In ICBC injury claims judges and juries are often asked to pick between competing medical opinion evidence. It is not uncommon to read reasons for judgment in ICBC injury claims where a Plaintiff’s treating physicians support injuries while ICBC’s doctors testify that the injuries are not related to the trauma or that the injuries are not as severe as presented by the Plaintiff.
In today’s case Madam Justice Sinclair Prowse gave the following reasons in preferring the treating doctor’s opinion over Dr. Schweigel’s. Cases such as this one are worth reviewing for anyone preparing to take their ICBC injury claim to trial where there is competing medical evidence:
 In any event, on all material issues, the Plaintiff’s evidence was consistent with and supported by other evidence. In particular, the evidence of her injuries was supported by the evidence of her family doctor, Dr. Leong – a witness whom I found to be credible and on whose evidence I relied.
 As the Plaintiff’s treating physician, Dr. Leong had seen the Plaintiff over a long period of time. Dr. Schweigel, on the other hand, only saw the Plaintiff on one occasion for about an hour to an hour and a half.
 Throughout her testimony, Dr. Leong presented as a measured person who was endeavouring to be clear, accurate and fair. Her answers were thoughtful and balanced. Her testimony was both internally consistent and consistent with the other evidence.
 For example, it was Dr. Leong’s opinion that the collision caused the Plaintiff’s disc herniation in one of two ways: (1) either the collision caused the herniation completely; or (2) if the herniation pre-dated the collision, then the collision caused the herniation to become symptomatic. This evidence was based on the fact that the Plaintiff did not display any symptoms of cervical disc herniation prior to the collision. Although she had experienced some pain in her neck which had occasioned the earlier x-ray, that pain was occasional rather than chronic. It was also different in kind from the type of pain that can arise from disc herniation and that the Plaintiff experienced after the collision. Furthermore, the x-ray taken shortly before the collision did not show a disc herniation.

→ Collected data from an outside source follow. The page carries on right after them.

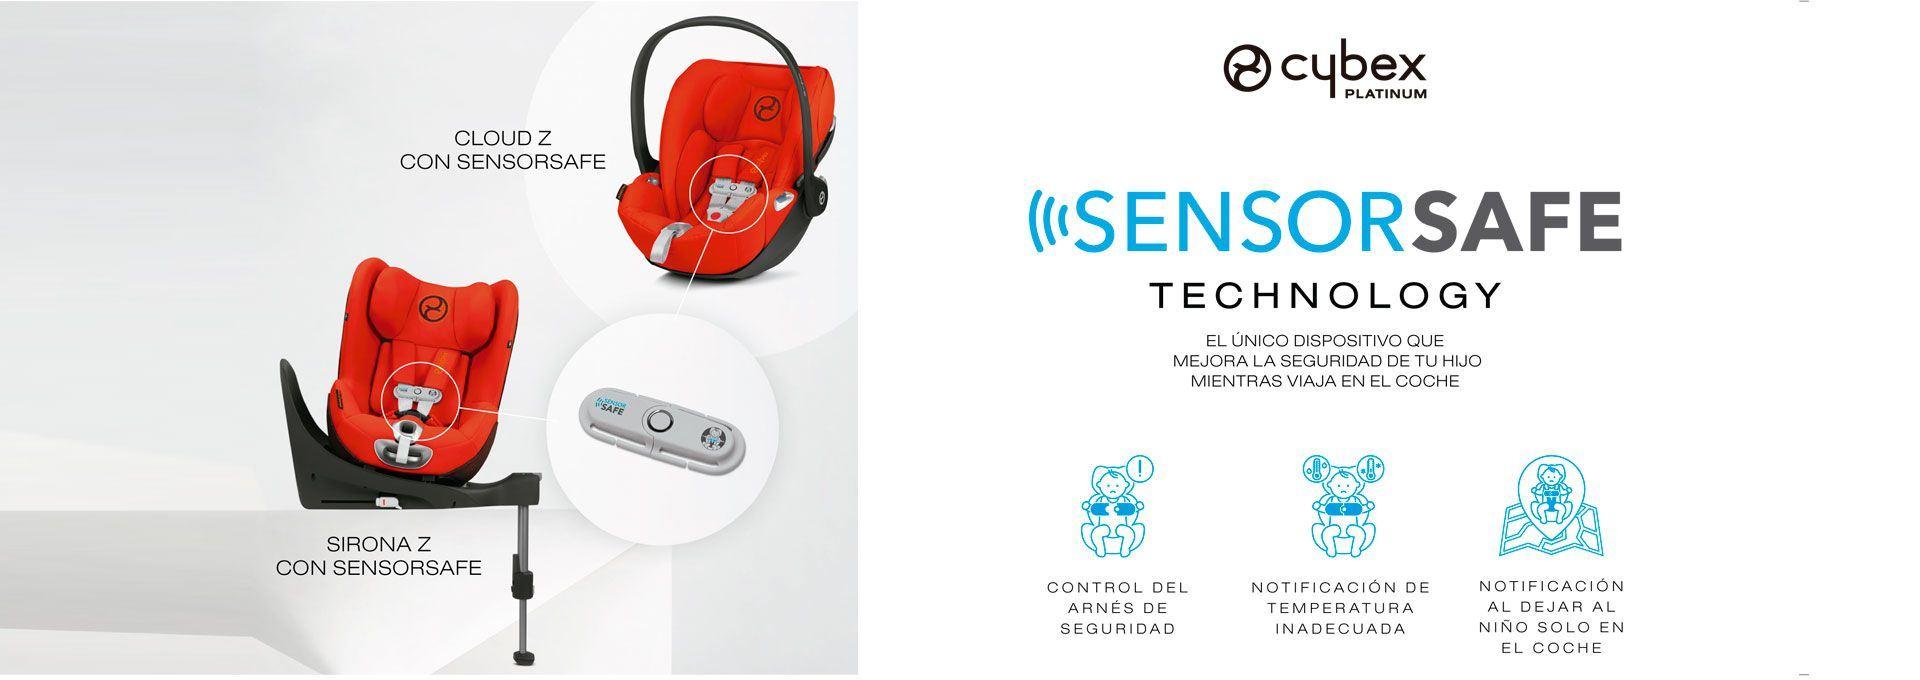 sensor safe de cybex
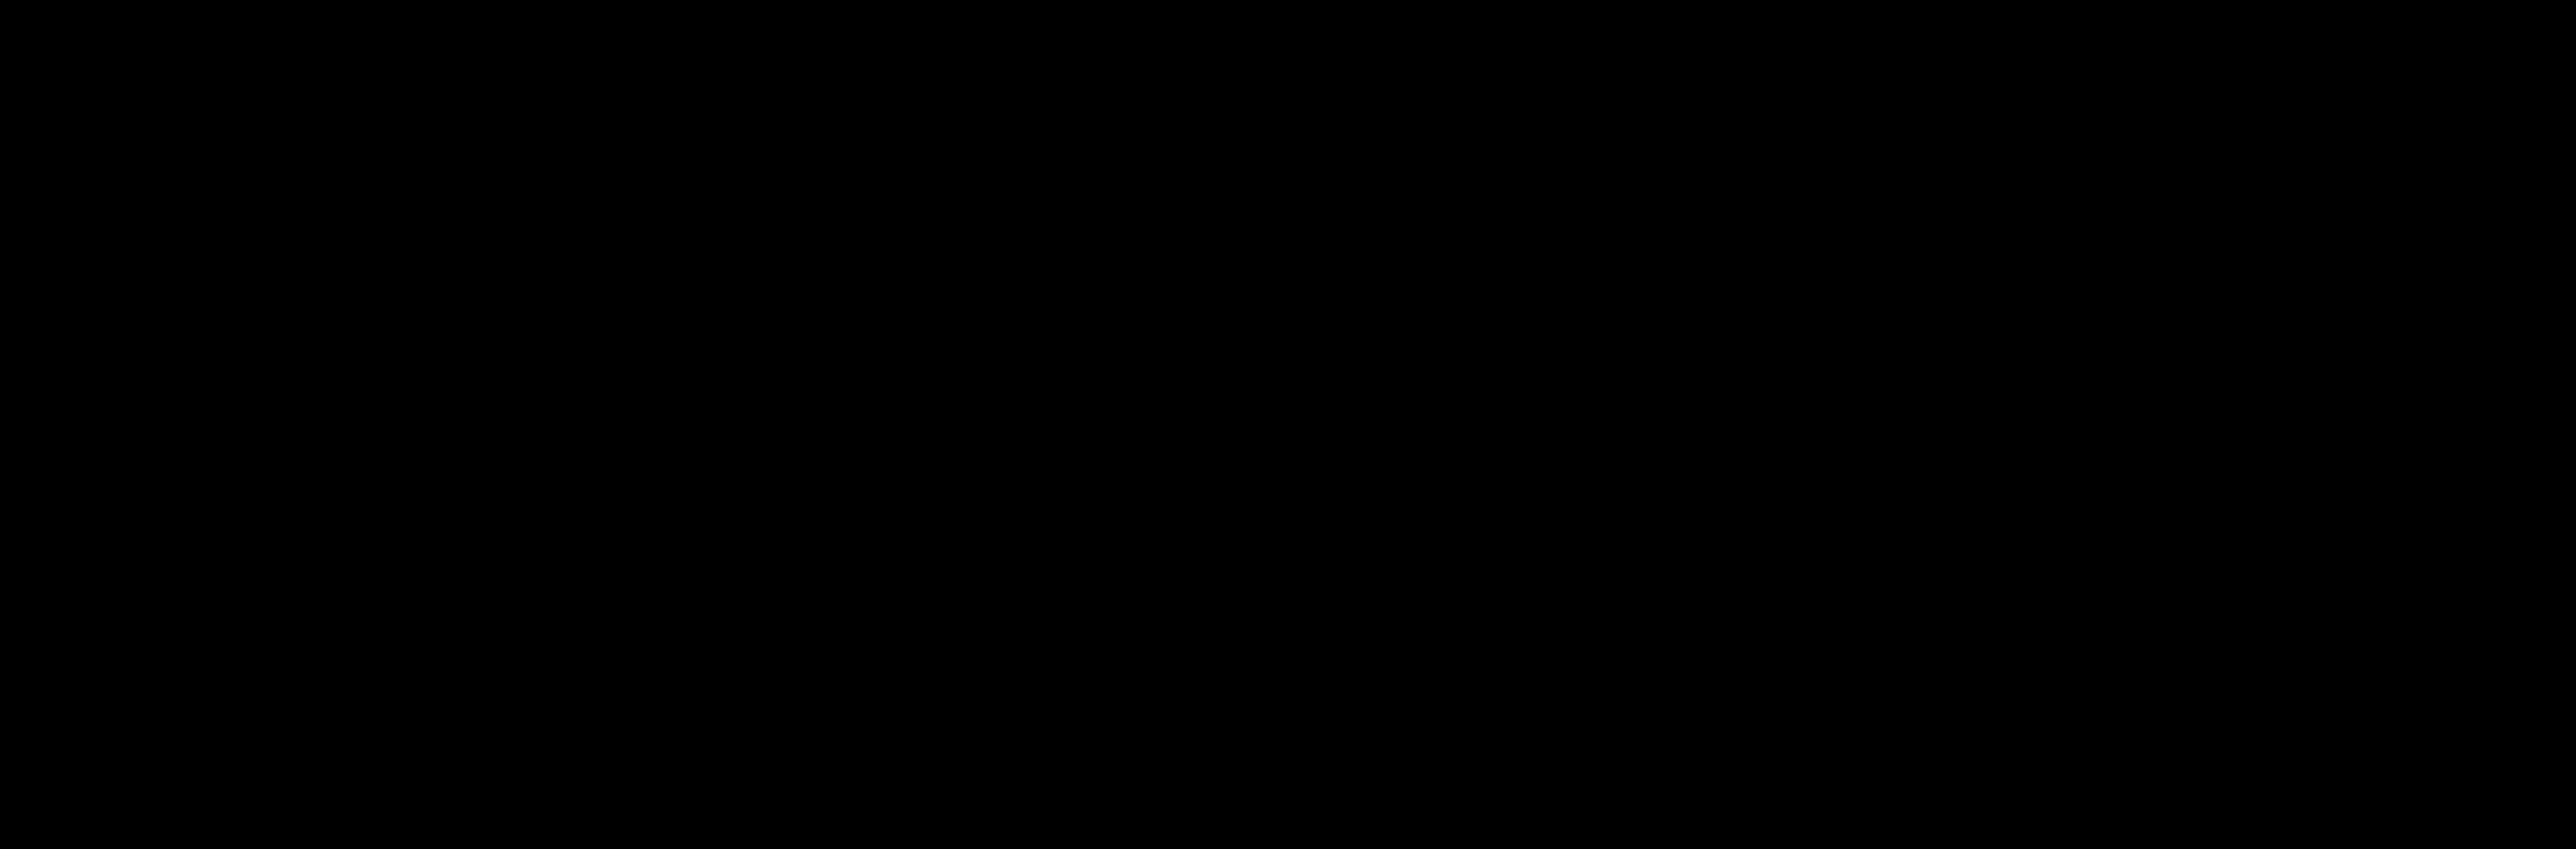 cesnek_1
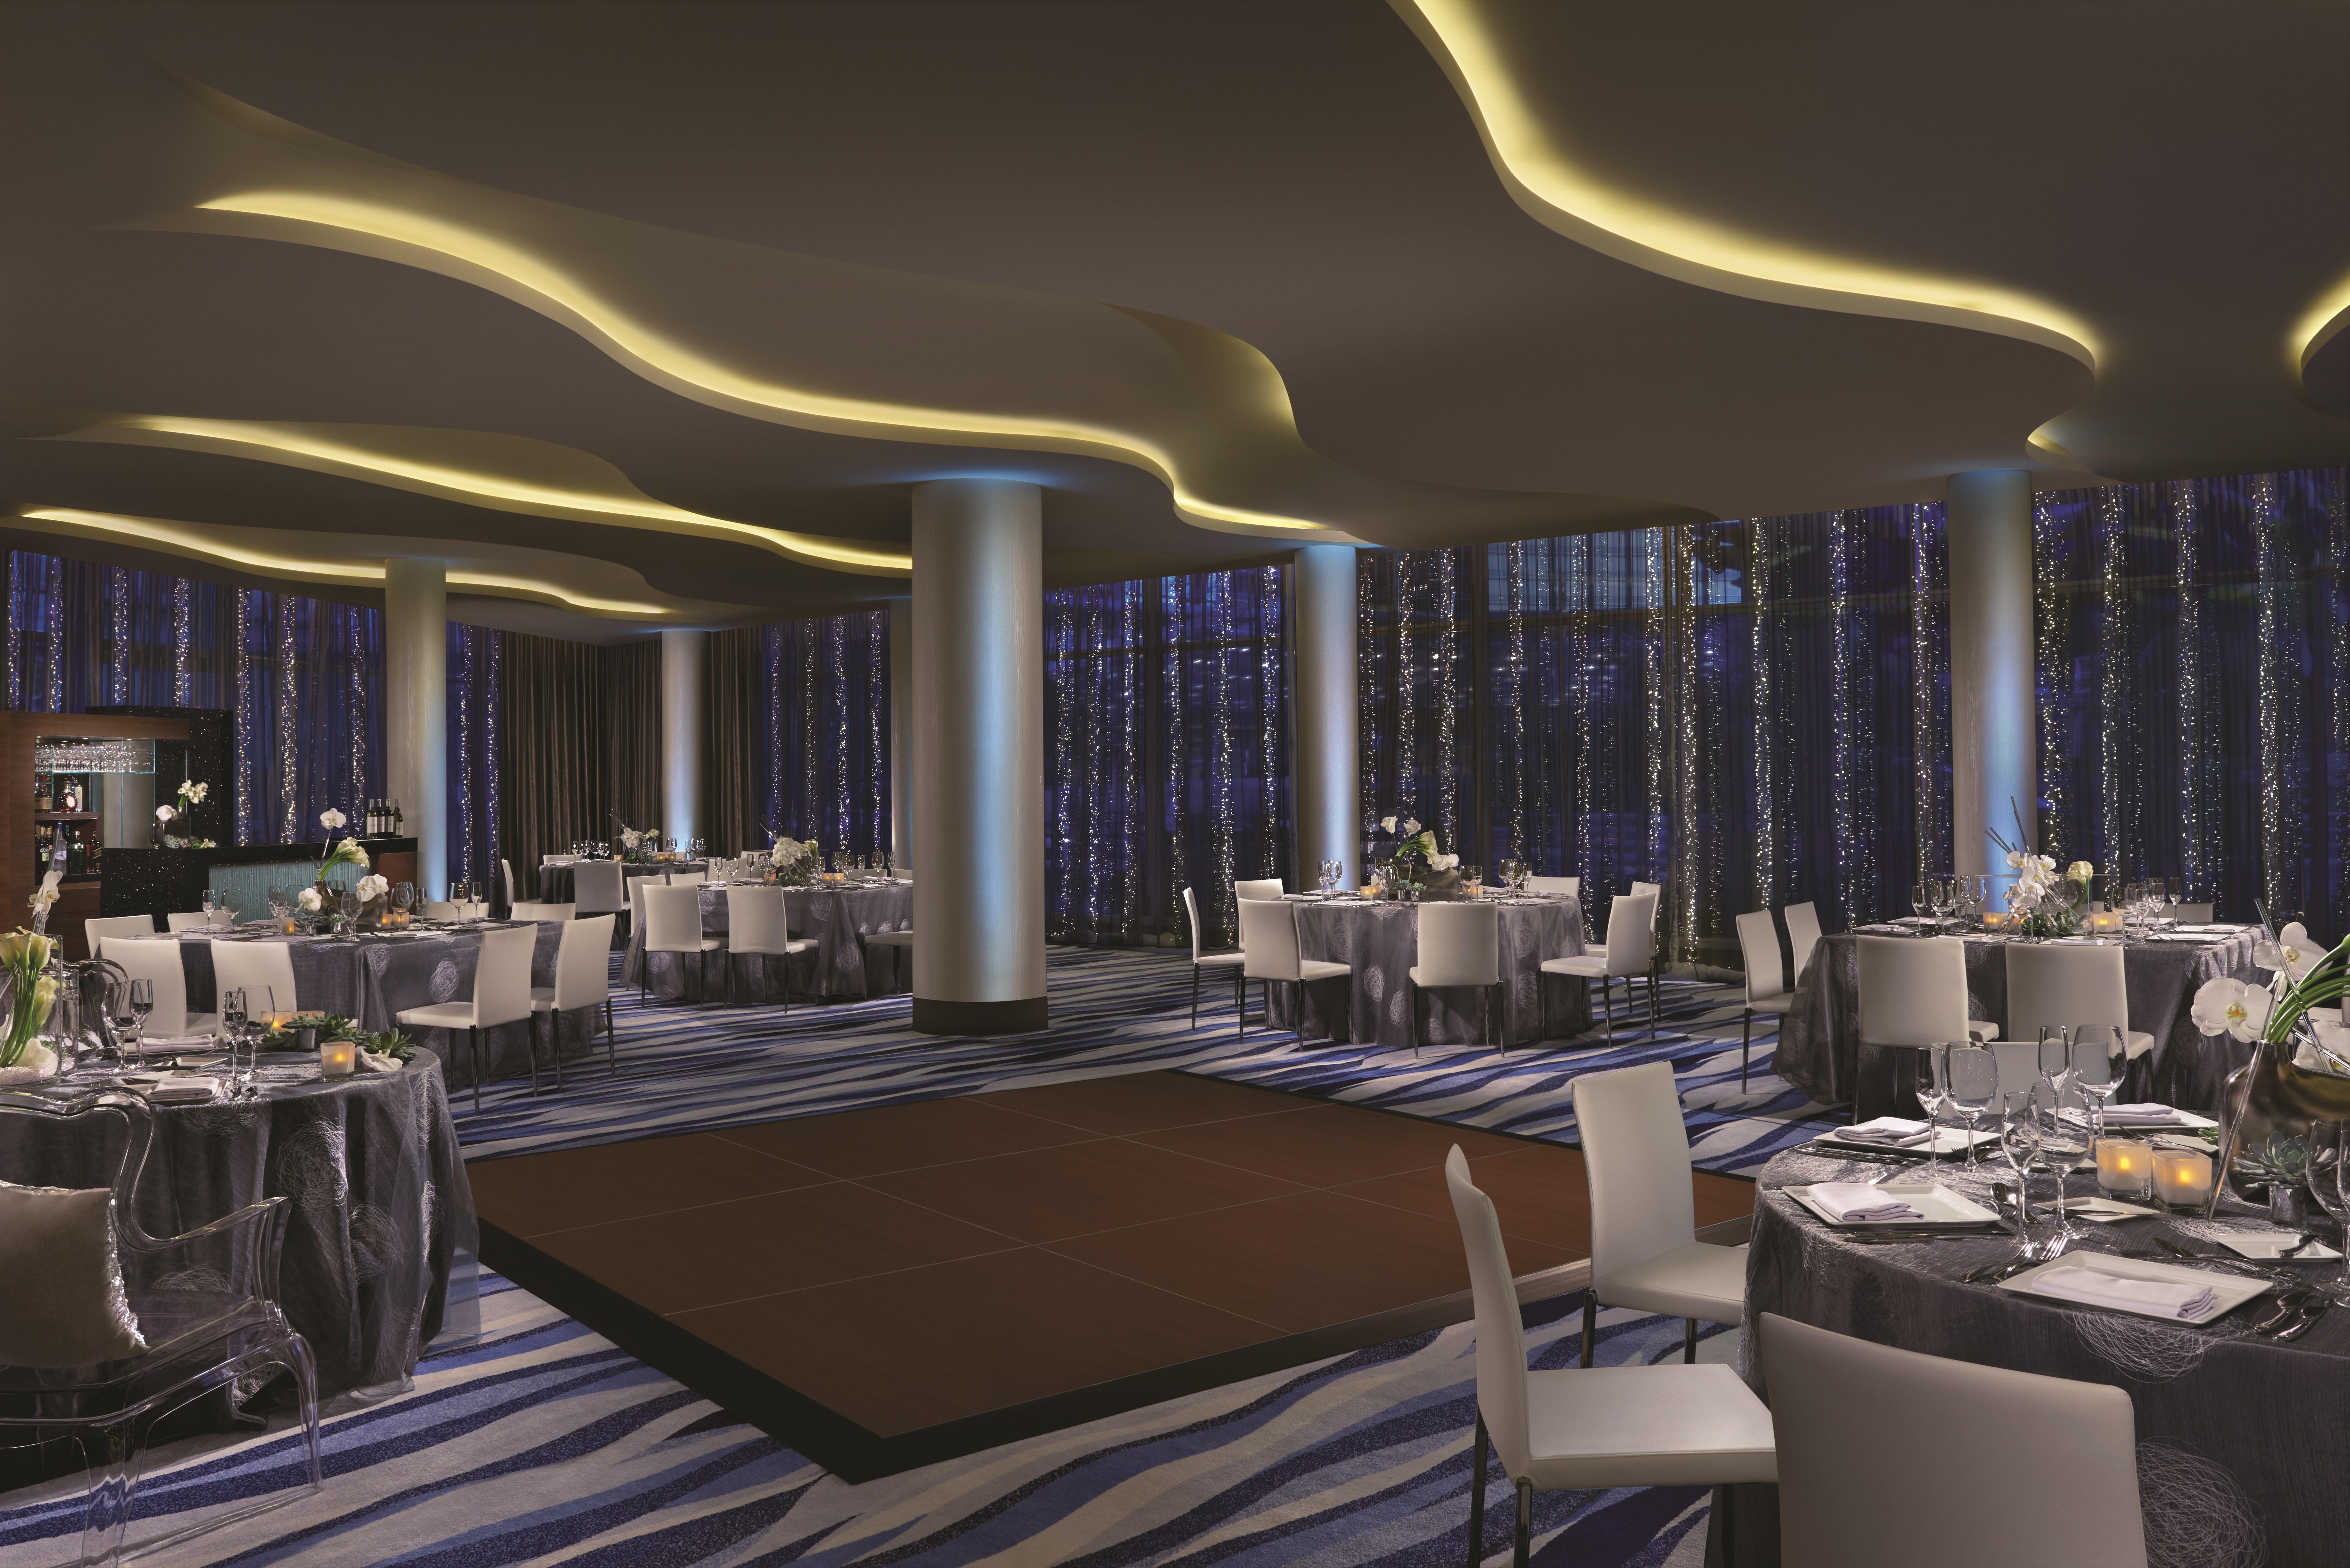 hotel image 15

 Dr. Schweigel, on the other hand, was evasive and argumentative in his evidence. He gave opinions in this trial that were inconsistent with opinions that he had tendered in other trials, demonstrating that he was not impartial but, rather, tailored his evidence to favour the party that had called him. For example, in this trial he opined that arthritis could not be triggered by trauma whereas in another action he gave the opposite opinion.
 Dr. Schweigel opined that the Plaintiff had suffered a mild soft tissue injury to her neck and back as a result of this collision and that that injury had probably resolved itself within 3 to 4 months. He opined that the disc herniation pre-dated the collision as such conditions can arise from a longstanding arthritic condition and that, in any event, the Plaintiff’s chronic pain arose from neither the herniation specifically nor the collision generally but, rather, from her psychological or psychosomatic problems.
 However, during cross-examination, he did concede that trauma could trigger further degeneration. He further went on to testify that if this injury did not pre-date the collision, that it would probably have arisen within 2 to 3 years to a maximum of 5 years. In my view, this opinion contradicts his initial opinion that a disc herniation cannot be caused by trauma or become symptomatic because of trauma.
 For all of these reasons, I found Dr. Schweigel’s evidence to be unreliable. I preferred the opinion of Dr. Leong. Where her opinion differed from the opinion of Dr. Schweigel, I relied upon her opinion.